Mark spoof emails as spam
During the ‘quarantine phase,’ any failed email will be sent to spam/junk (where the recipient has this enabled). This means the messages are recoverable by the recipient.
If you stop feeling confident about your controls, you can revert to the basic DMARC policy of ‘none’ (and progress again to ‘quarantine’ when you gain confidence).
Many organizations report being able to move on from a DMARC policy of ‘none’ after about 6 to 8 weeks.
The effect of ‘quarantine’
Successfully applying a DMARC policy of quarantine
means that emails being sent from your domains, and failing the DKIM and SPF authentication checks, will be sent to the recipient’s spam/junk folders.
Iterating a DMARC record
Your DMARC record will only start affecting the delivery of spoofed emails once you have a record of p=quarantine. The goal for this section is to help you get to that point.
Once you’re confident you have a comprehensive SPF record and are DKIM signing outbound email, update your DMARC record to have a policy of p=quarantine
and apply it to a small percentage of your email.

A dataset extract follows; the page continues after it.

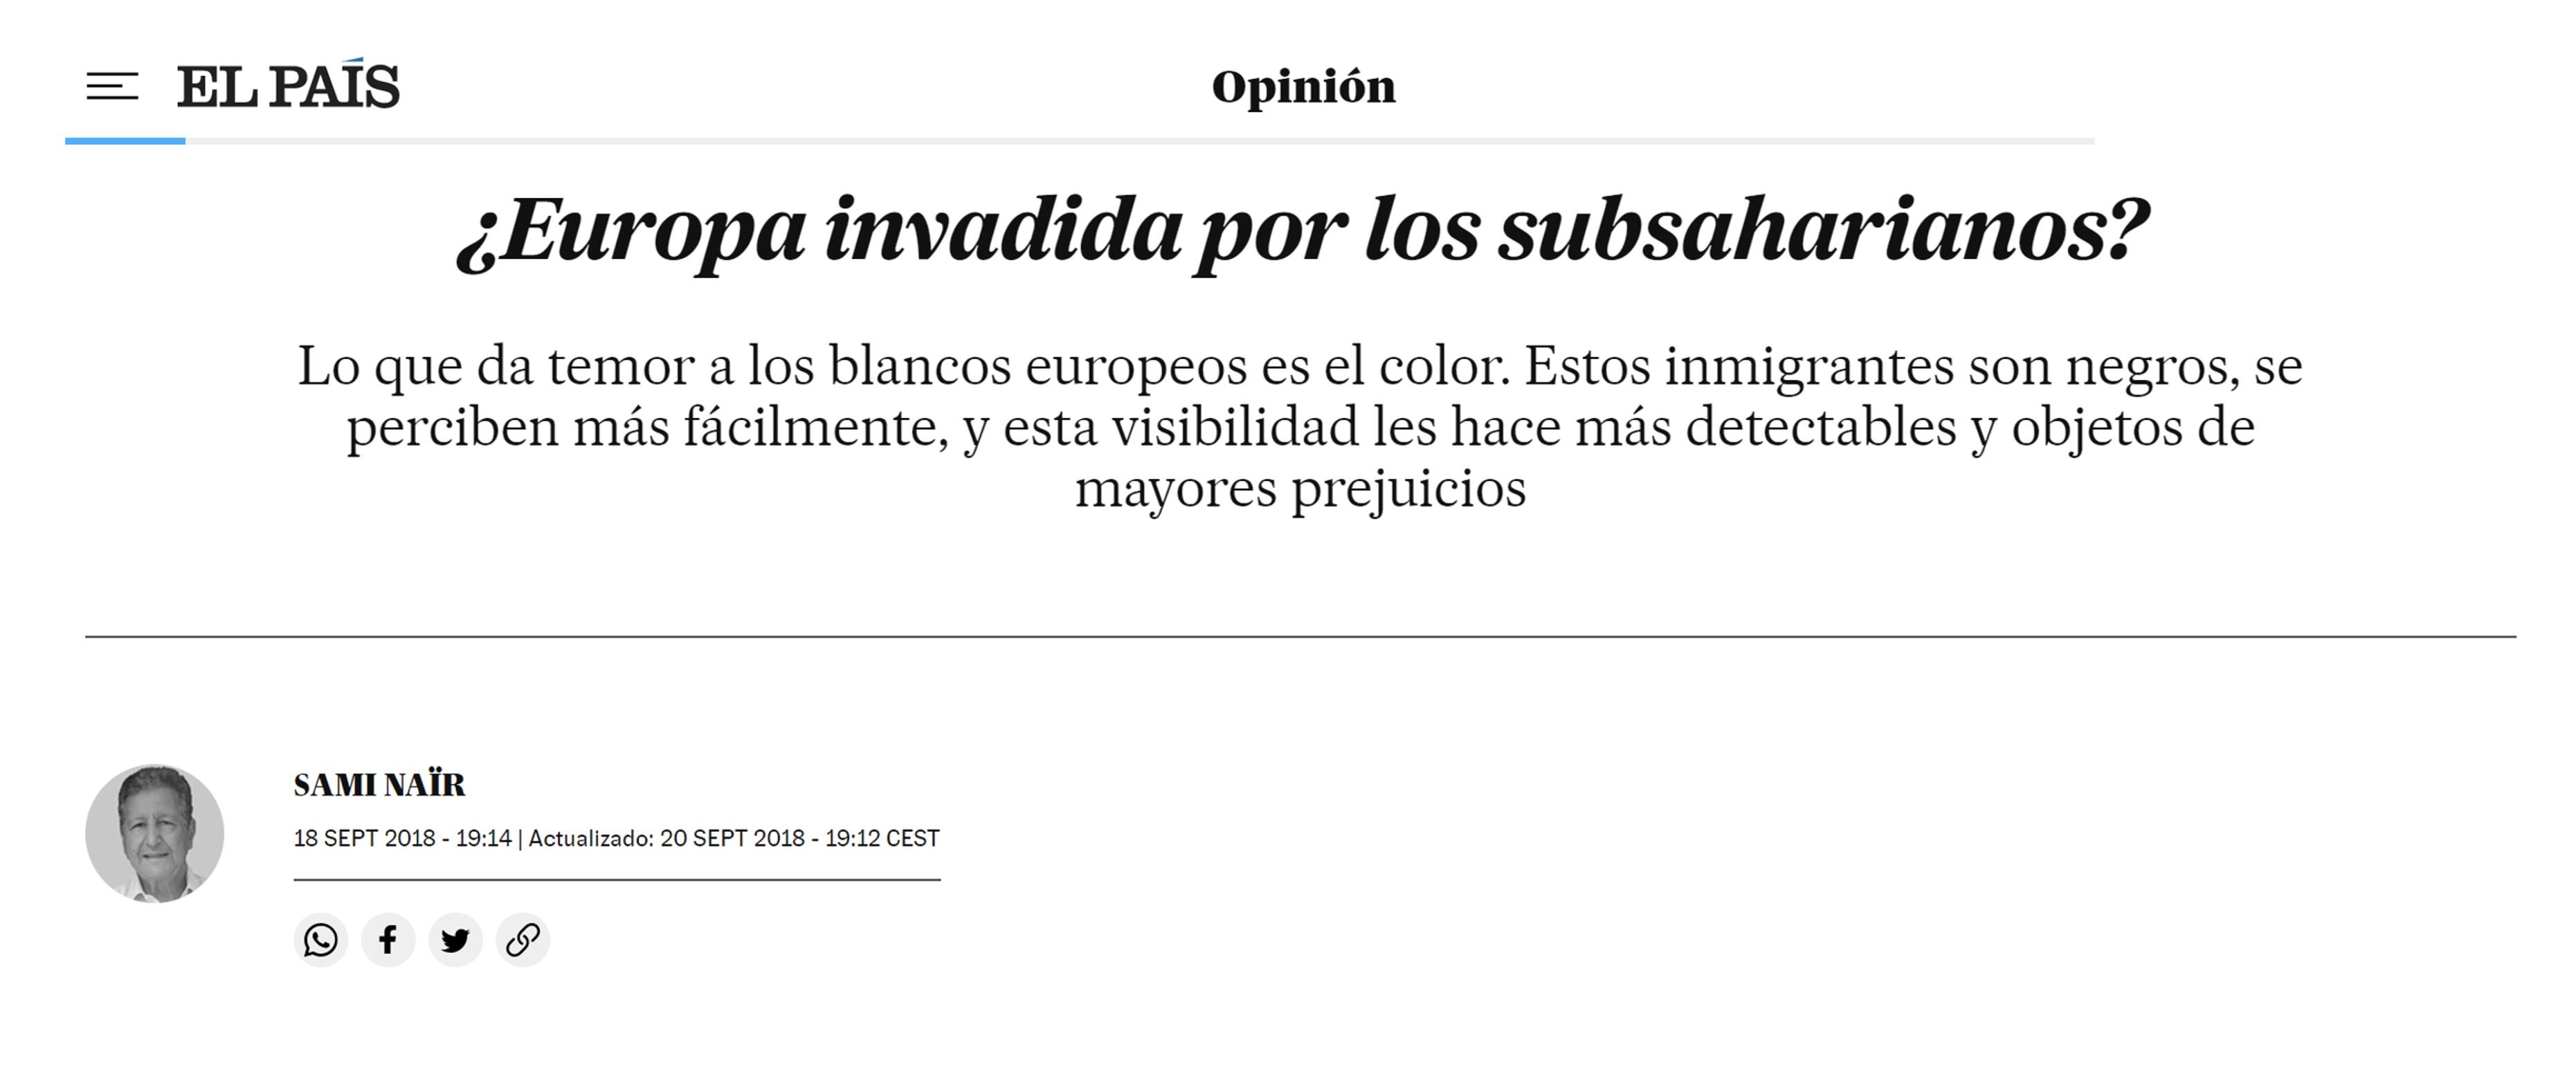 El País, 20.09.2018

This will instruct recipients to quarantine your chosen percentage of the emails which fail DMARC checks.
Starting with a small percentage will help ensure any mistakes don’t affect all email delivery. Gradually increase the percentage to 100
as you confirm genuine email is being delivered using the anti-spoofing management tool.

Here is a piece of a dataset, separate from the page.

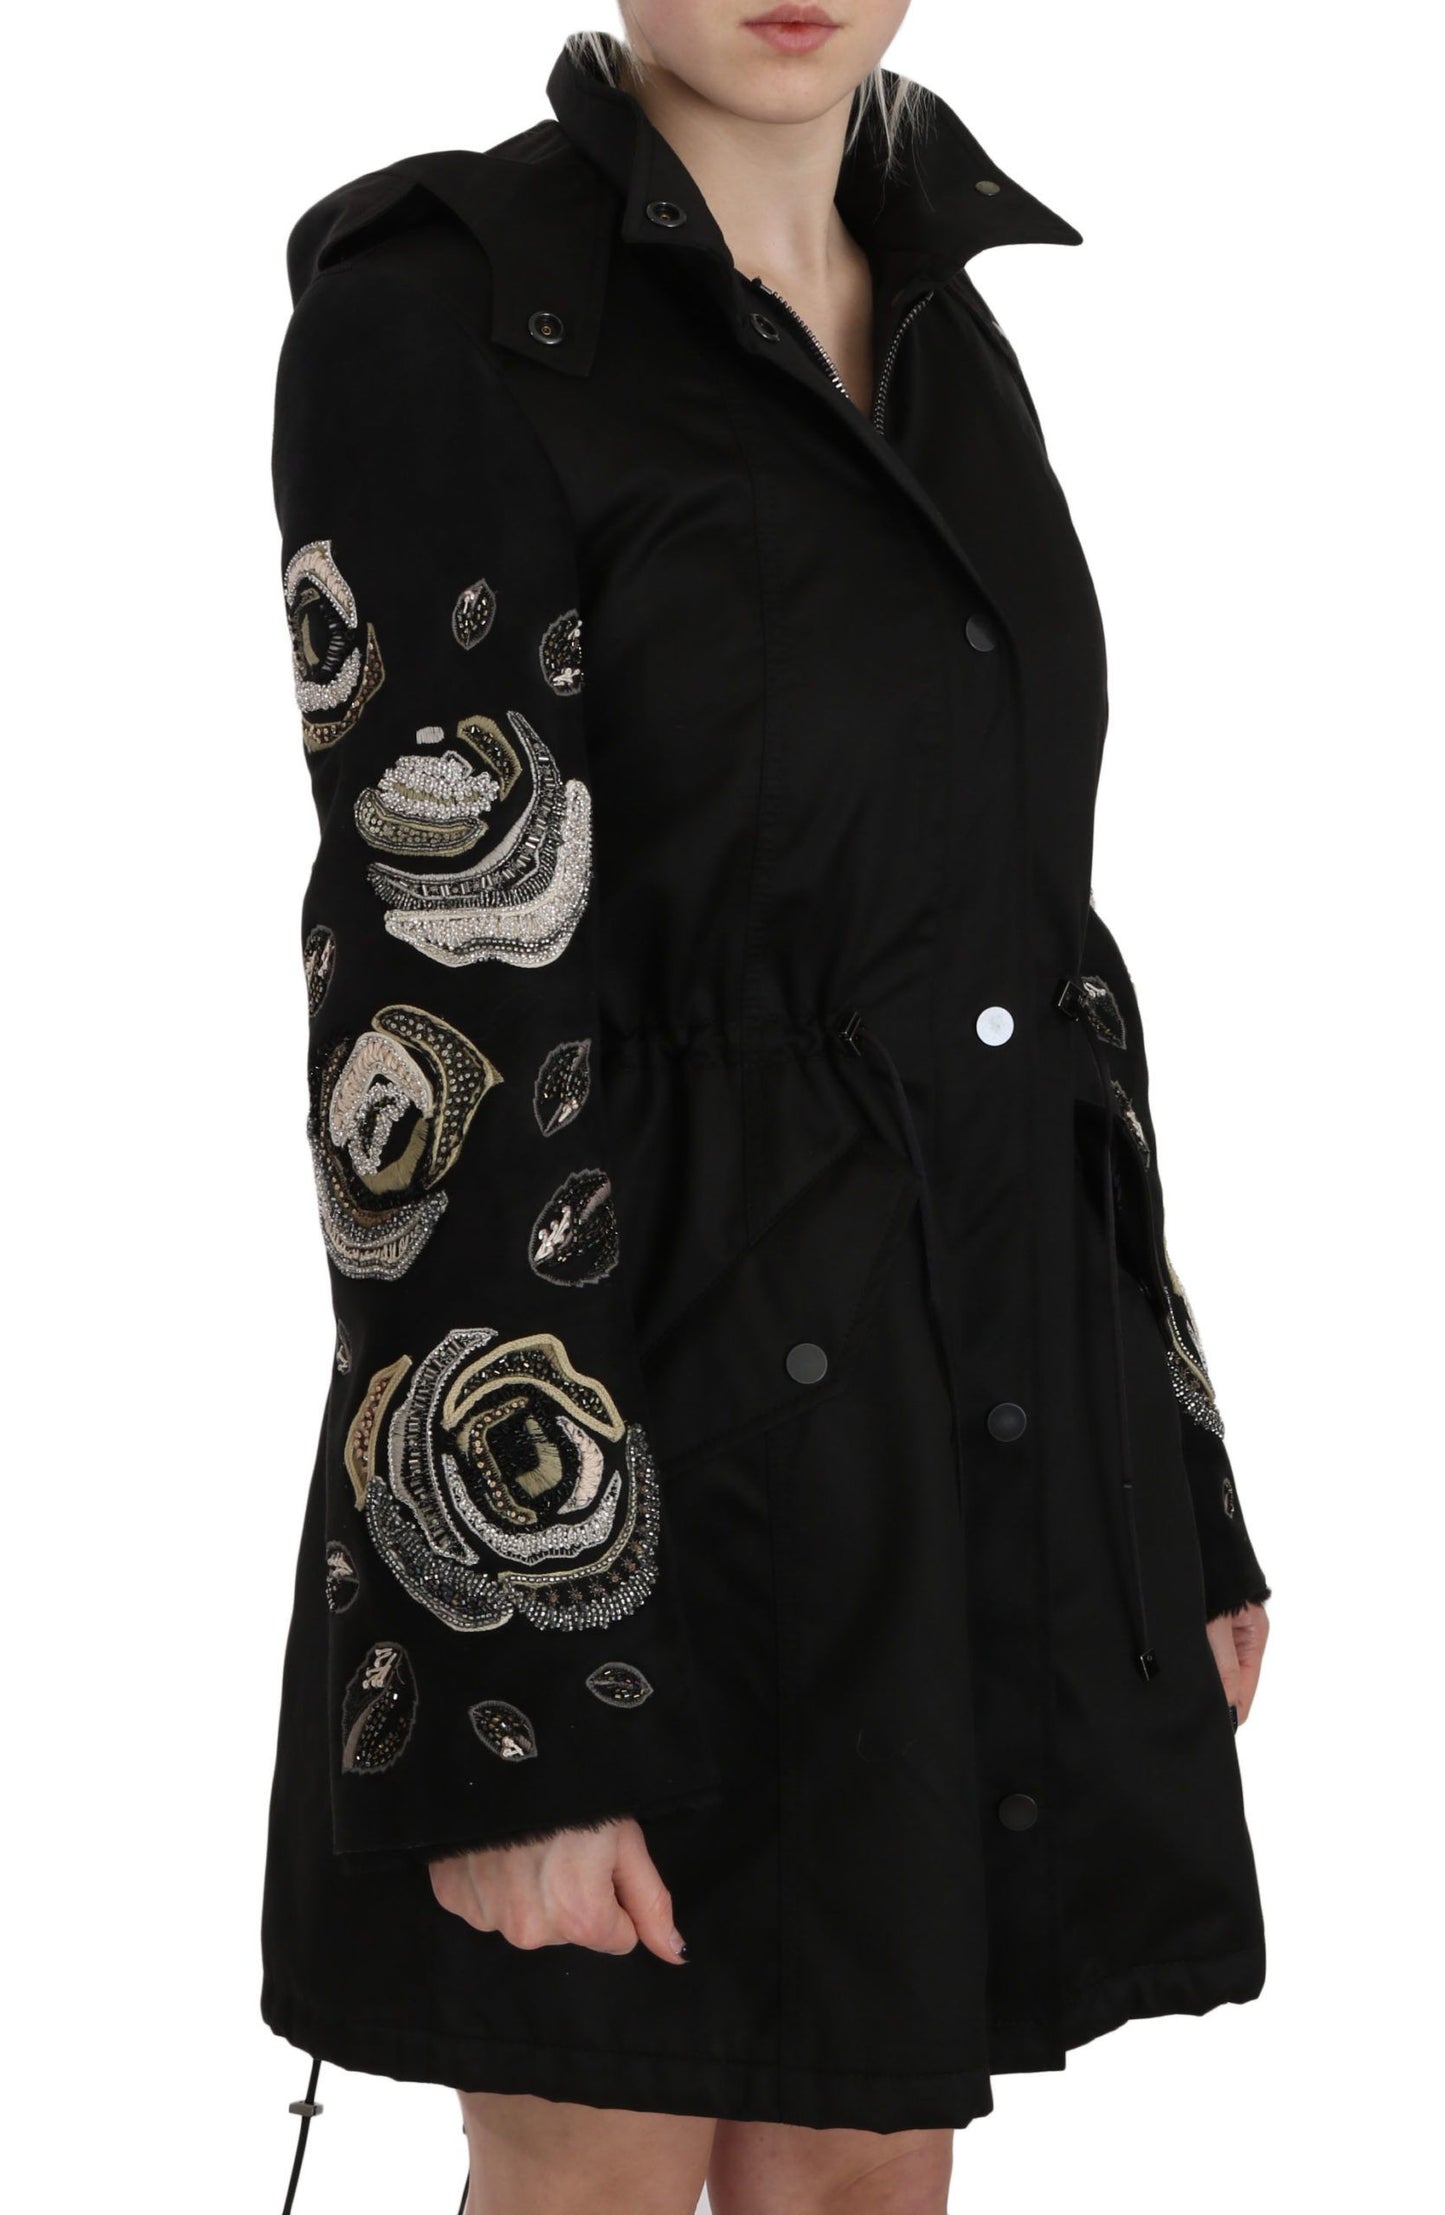 Elegant Black Beaded Parka Jacket for Women

An example record – applying a DMARC quarantine policy to 50% of your email - with these modifications applied looks like this:
v=DMARC1; p=quarantine; pct=50; rua=mailto:dmarc@bentosecurity.org
Copy
An example record – applying a DMARC quarantine policy to 100% of your email - with these modifications applied is:
v=DMARC1; p=quarantine; rua=mailto: dmarc@bentosecurity.org
Copy
Keep everyone informed
While your DMARC policy was set to ‘none’, you will have identified most - if not all - of your legitimate sources of emails and modified your SPF and DKIM to include them.
We recommend that you alert your management teams – especially marketing / communications – of your intention to progress to the DMARC policy of quarantine
.
Ask that they alert you to any planned mass mailing campaigns (especially when using tools such as MailChimp). This will help you monitor and analyze activity as you move to quarantine
.
You should also implement a process to ensure that your SPF and DKIM configurations are current, as the email sending systems you use are likely to change over time.
Monitor and update your records
After updating your DNS records with a DMARC policy of quarantine
at 100%
, you should monitor your reports for at least 4 weeks to gain confidence that legitimate emails aren’t being quarantined.
Progressing to a DMARC policy of ‘reject’
We recommend that you progress to a DMARC policy of reject
when you are confident that you have correctly configured your DKIM and SPF records in your public DNS.